== WHAT TO WORK ON ==
Copy, word for word, the lines of the listing below from the line with "Stokely Carmichael Album" up to and including the line with "Srunffe Cutting Mat". Drop the pictures.

== DATA PROVIDED ==

>>>>

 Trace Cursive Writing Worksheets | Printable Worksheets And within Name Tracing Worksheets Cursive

<<<<
>>>>

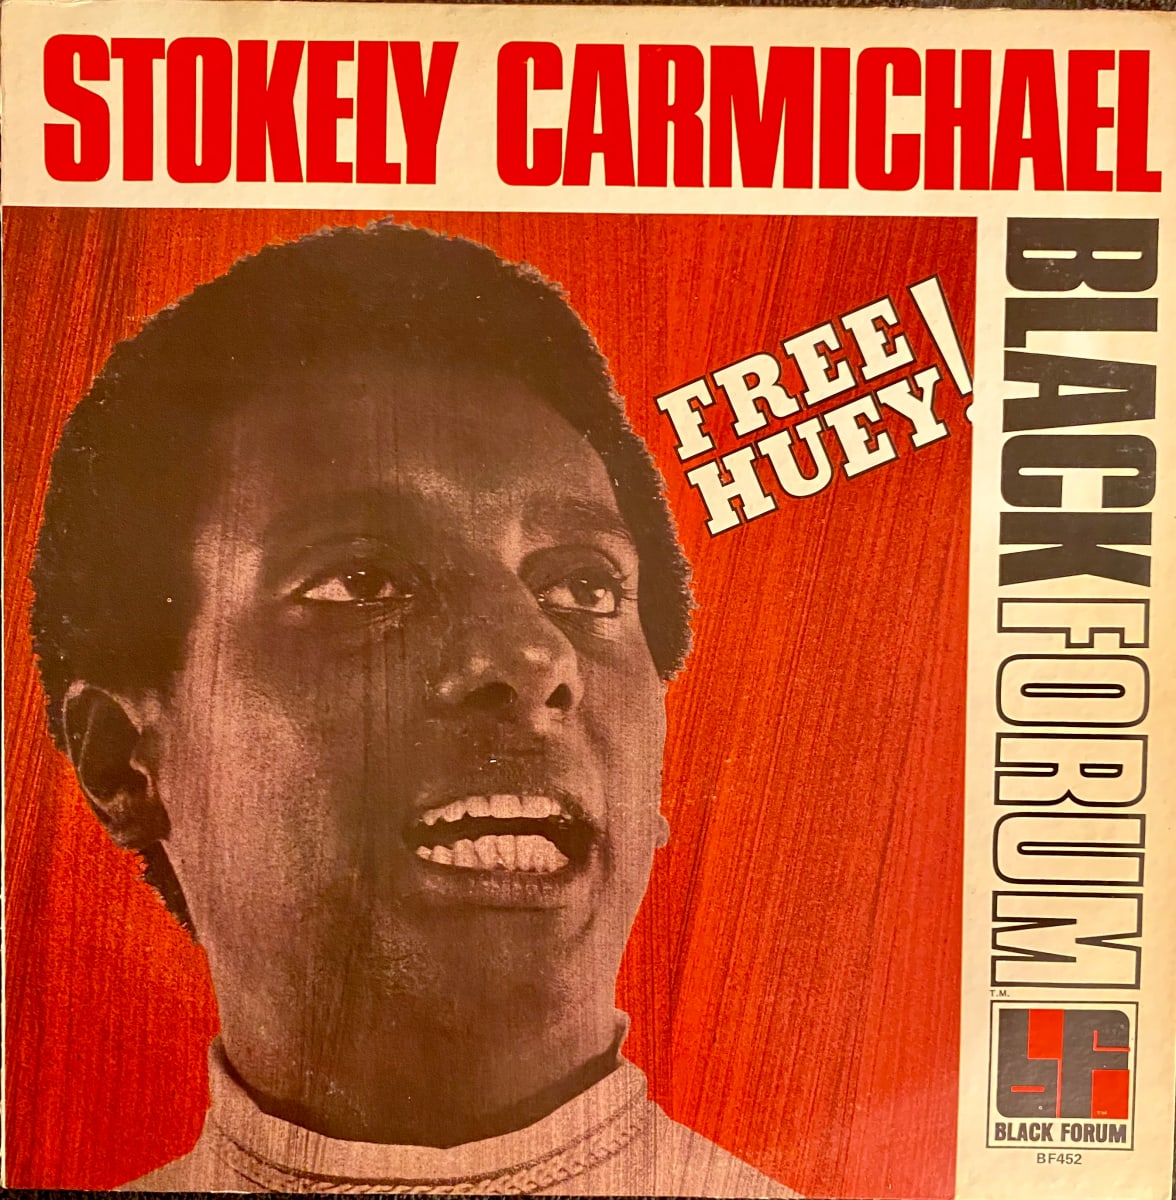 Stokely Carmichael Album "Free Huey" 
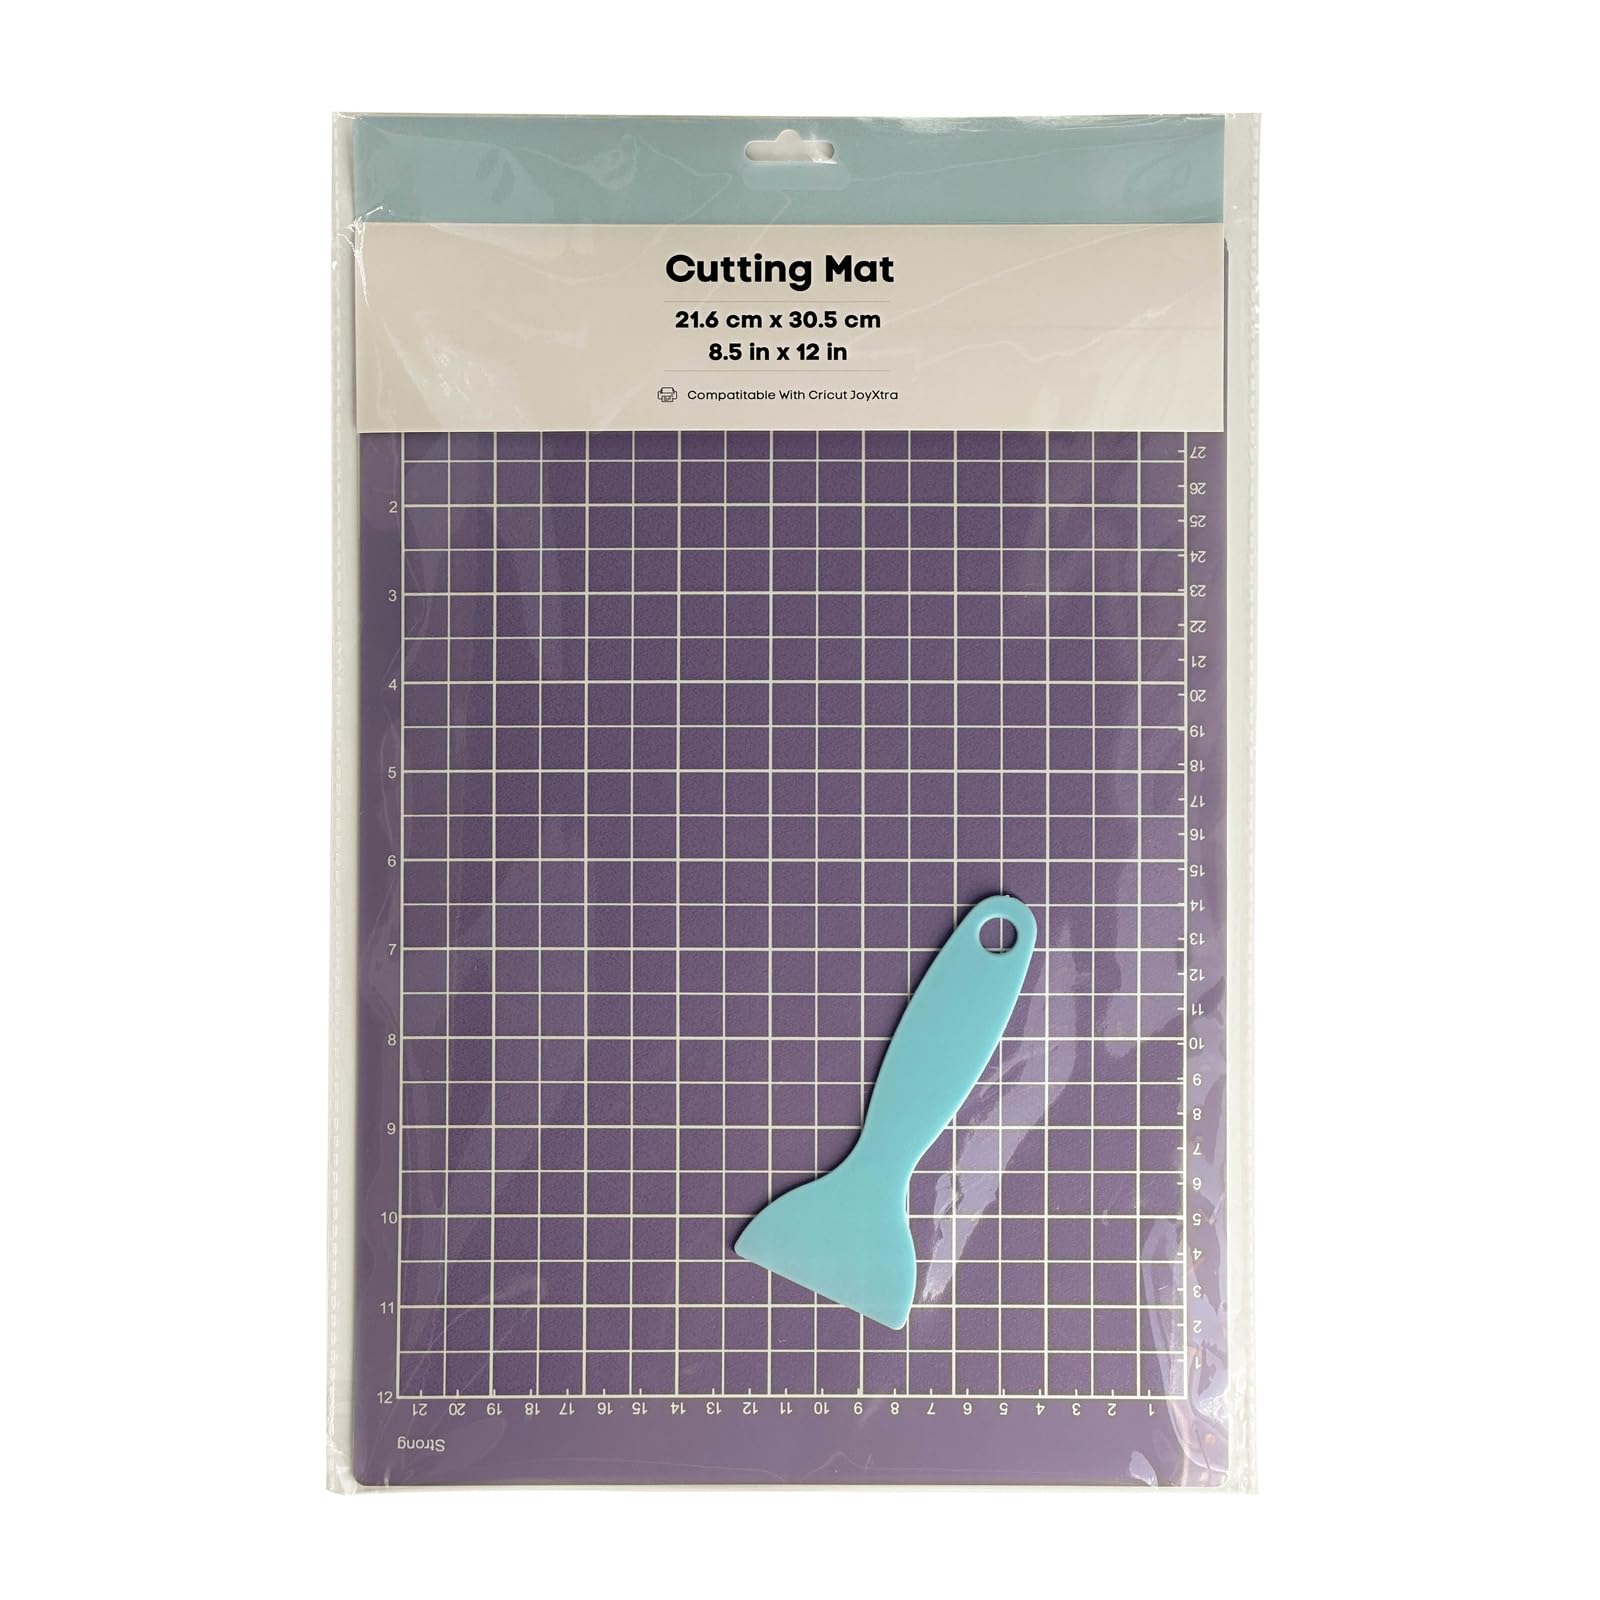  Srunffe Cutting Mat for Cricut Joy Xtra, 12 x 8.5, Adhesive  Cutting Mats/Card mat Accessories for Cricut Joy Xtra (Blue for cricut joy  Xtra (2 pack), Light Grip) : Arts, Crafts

<<<<
>>>>

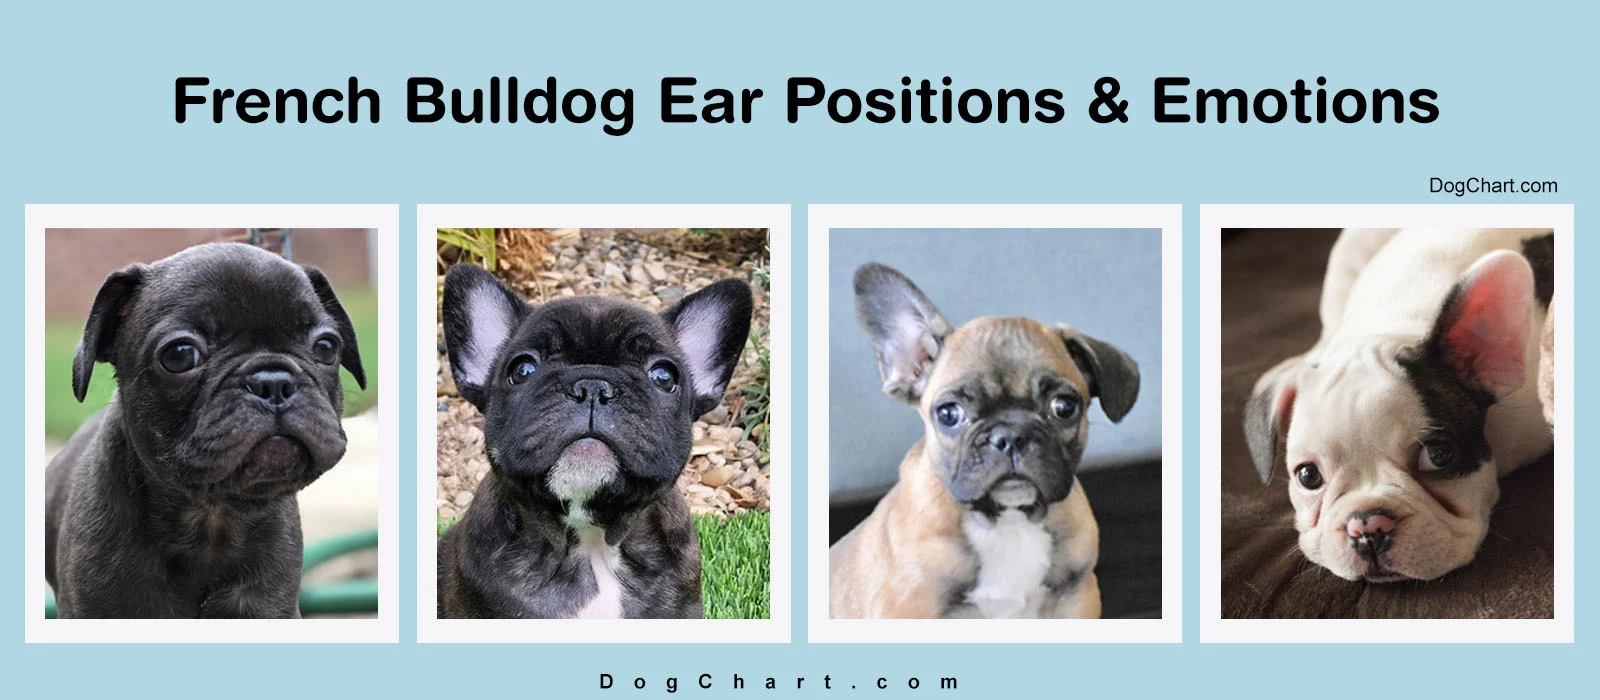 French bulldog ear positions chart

<<<<

== EXERCISE RESULT ==
 Stokely Carmichael Album "Free Huey" 
  Srunffe Cutting Mat for Cricut Joy Xtra, 12 x 8.5, Adhesive  Cutting Mats/Card mat Accessories for Cricut Joy Xtra (Blue for cricut joy  Xtra (2 pack), Light Grip) : Arts, Crafts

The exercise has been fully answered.